Next to her sat a somewhat fatter woman in jeans and a Nirvana T-shirt blowzily and silently protesting at the too-warm Spring sunshine. “So tell me Claudette,” she said, giving her companion her best deep searching look, “how are you really?”

Claudette sighed with ire, as she always did, and attempted to address the question. “To be honest I just feel like I’m getting weaker and weaker every day,” she said. “I mean my right arm doesn’t work proper, doing ironing with my left is really hard.”

“That’s nice,” Sal said, distracted, thinking wish I’d never asked. “You got MS girl, what do you expect?”

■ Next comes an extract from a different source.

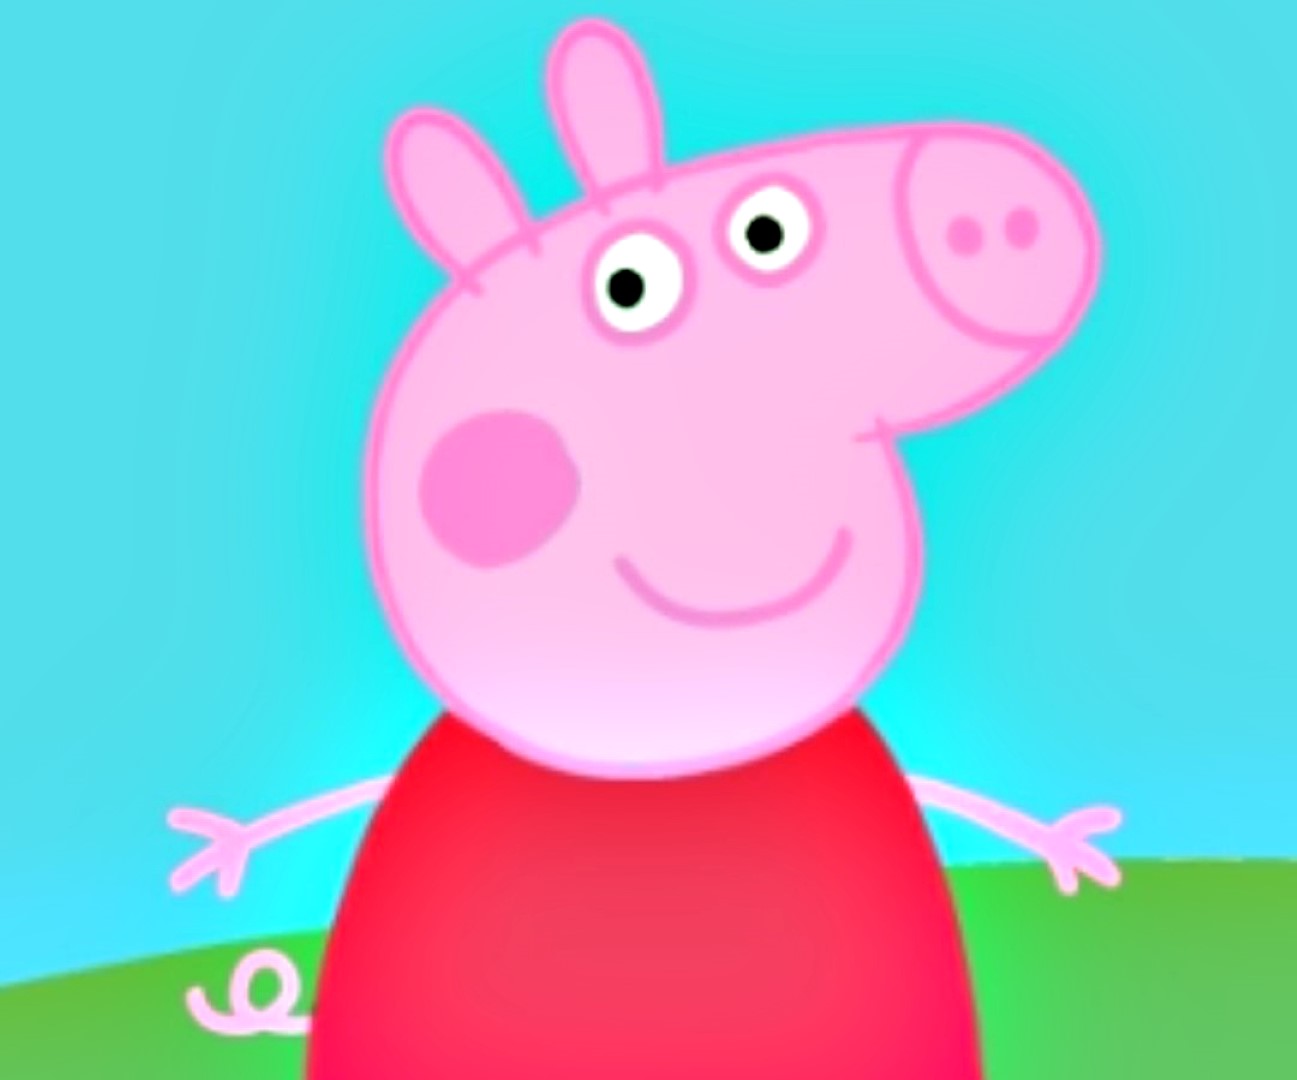 How To Draw Peppa Pig - Draw Central

“So” Claudette said with an irritated sigh, “and how are you?”

As she had expected, Sal proceeded on her usual moan. She had married her long-term partner Meggan three months ago and ever since the wedding they had not stopped arguing. So every jot and titter, every plot and piffle, every clot and conflict was unwrapped, unrolled and revealed to be evidence of Megan’s always being at fault.

“So why don’t you just up and go?” Claudette asked as usual.

“Darling girl!” Sal said (as usual) we’re married now! You don’t just walk out on a marriage!”

“Tell me something,” Claudette said she had decided once and for all to try to break the pattern of their habitual ritual. “Do you even like Meggan?”

“Pardon?”

“No really darling, do you even like her?”

“Surely that’s a stupid even ridiculous question. It’s like – it’s like me asking you, Claudette, do you like your MS?”

“What!” Claudette was enveloped with contrasting desires. One, she wanted to punch her friend very hard on the nose. Two, she wanted to burst out into loud sardonic laughter.  The third alternative was to get up and go.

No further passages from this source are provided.